══ DATA

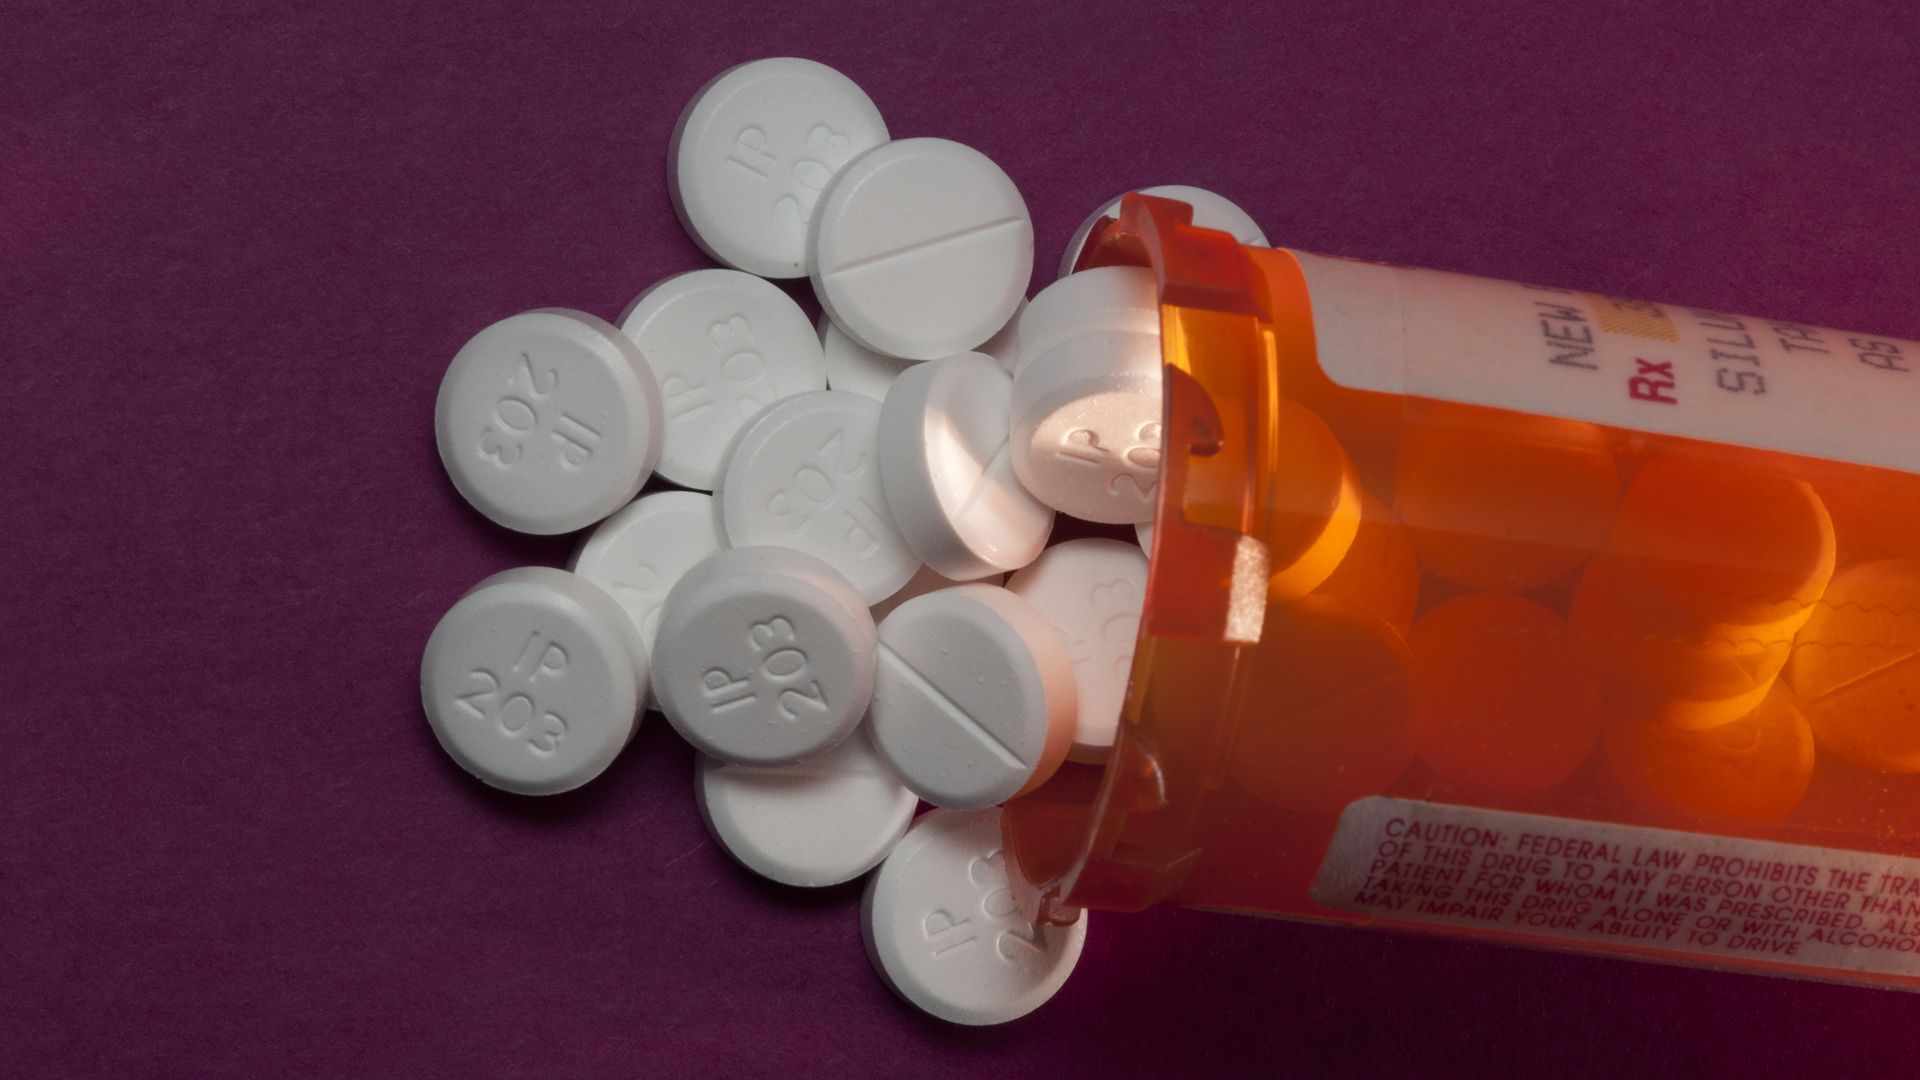 A bottle of oxycodone pills on a table.
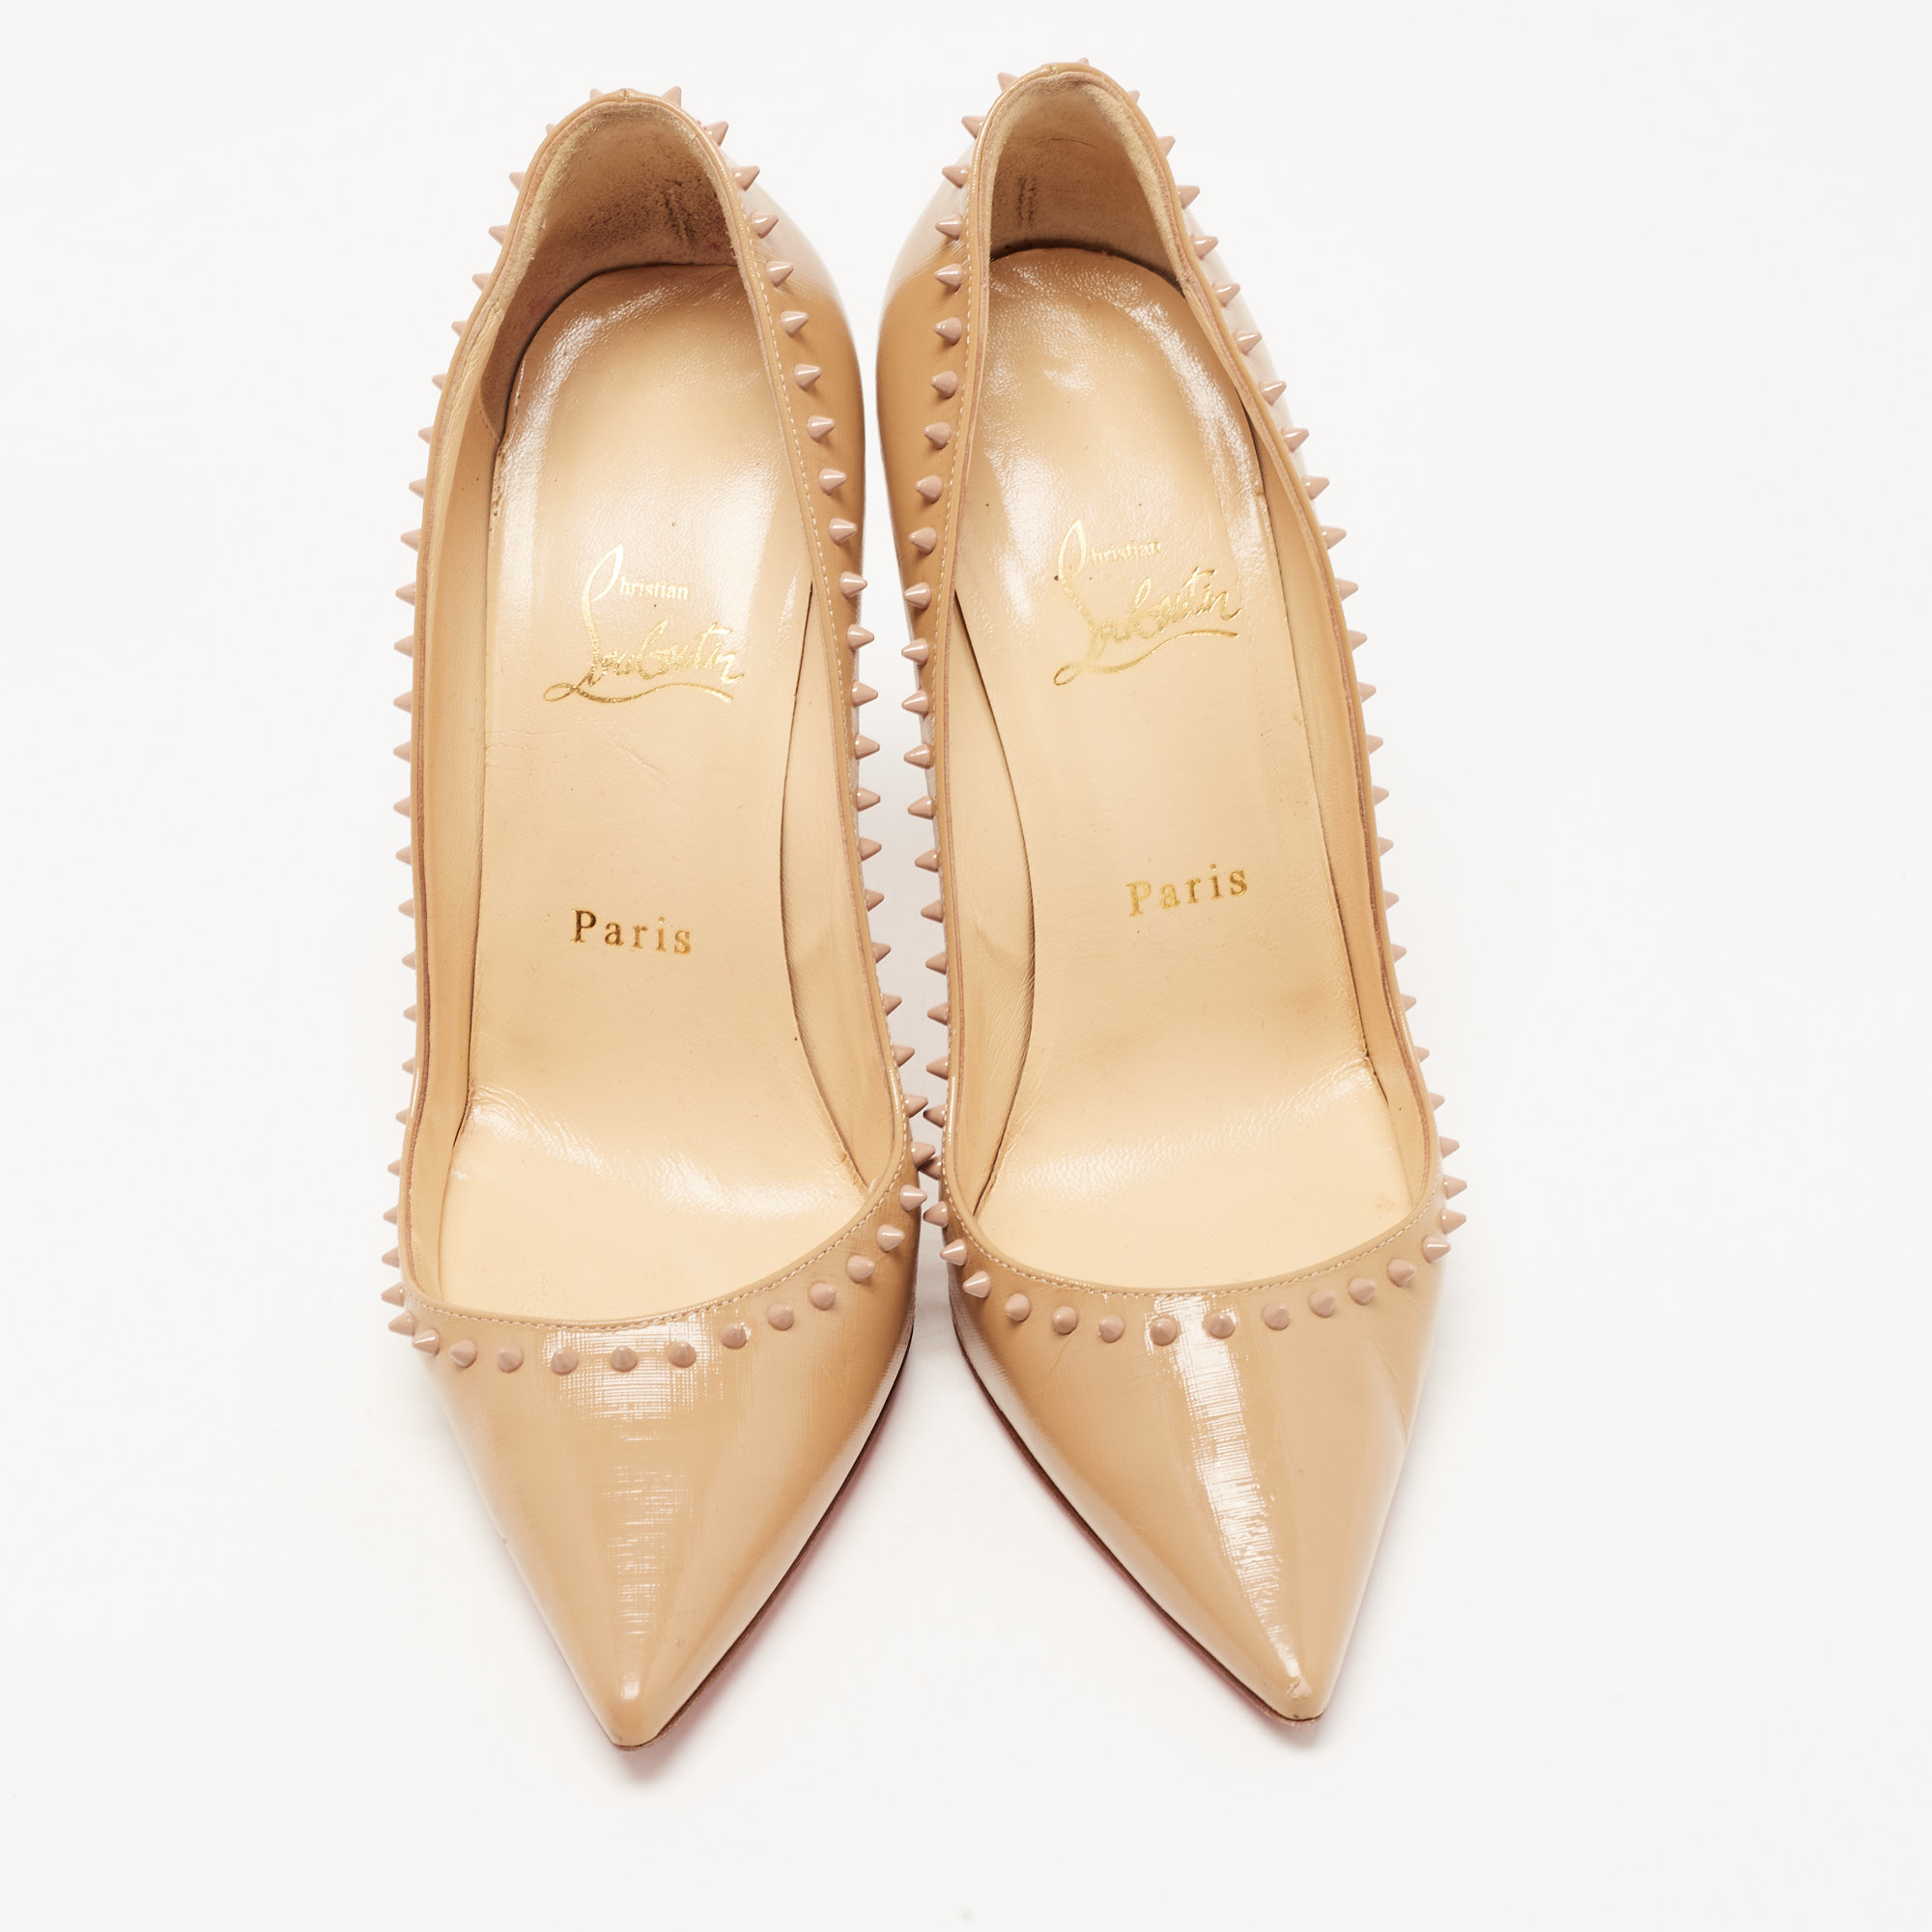 Christian Louboutin Beige Patent Leather Anjalina Spike Pointed Toe Pumps Size 38.5
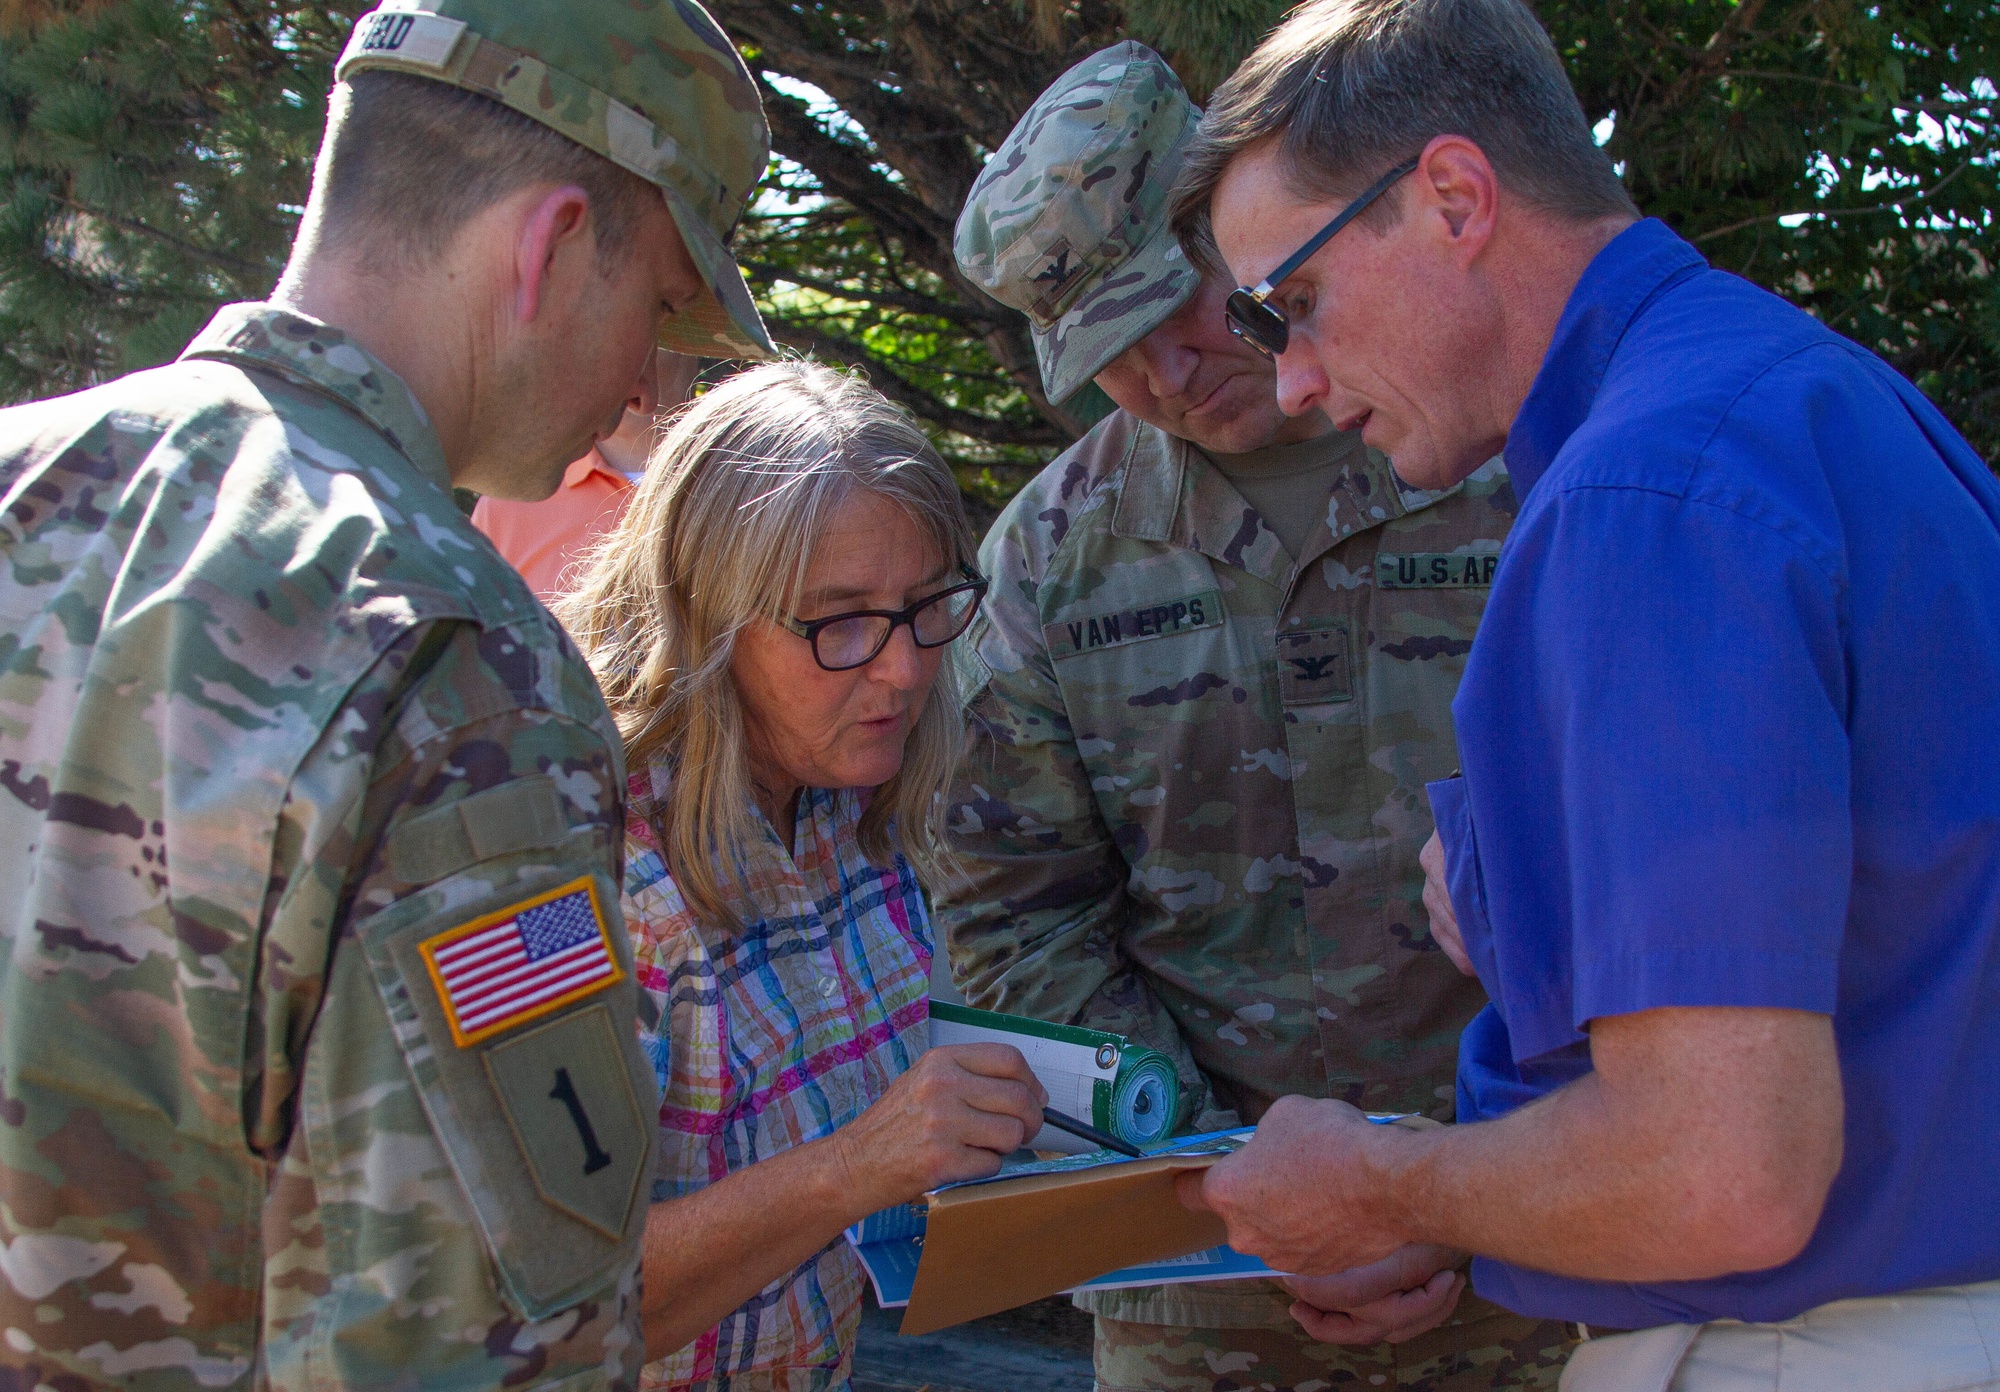 DVIDS - Images - Col. Van Epps, Col. Rayfield, Jeff and Martha Tasker examine a map [Image of 9]

════

:: WHAT YOU SHOULD DO ::
I would like the material above returned exactly as it stands, without its pictures.

:: YOUR RESPONSE ::
 A bottle of oxycodone pills on a table.
 Christian Louboutin Beige Patent Leather Anjalina Spike Pointed Toe Pumps Size 38.5
 DVIDS - Images - Col. Van Epps, Col. Rayfield, Jeff and Martha Tasker examine a map [Image of 9]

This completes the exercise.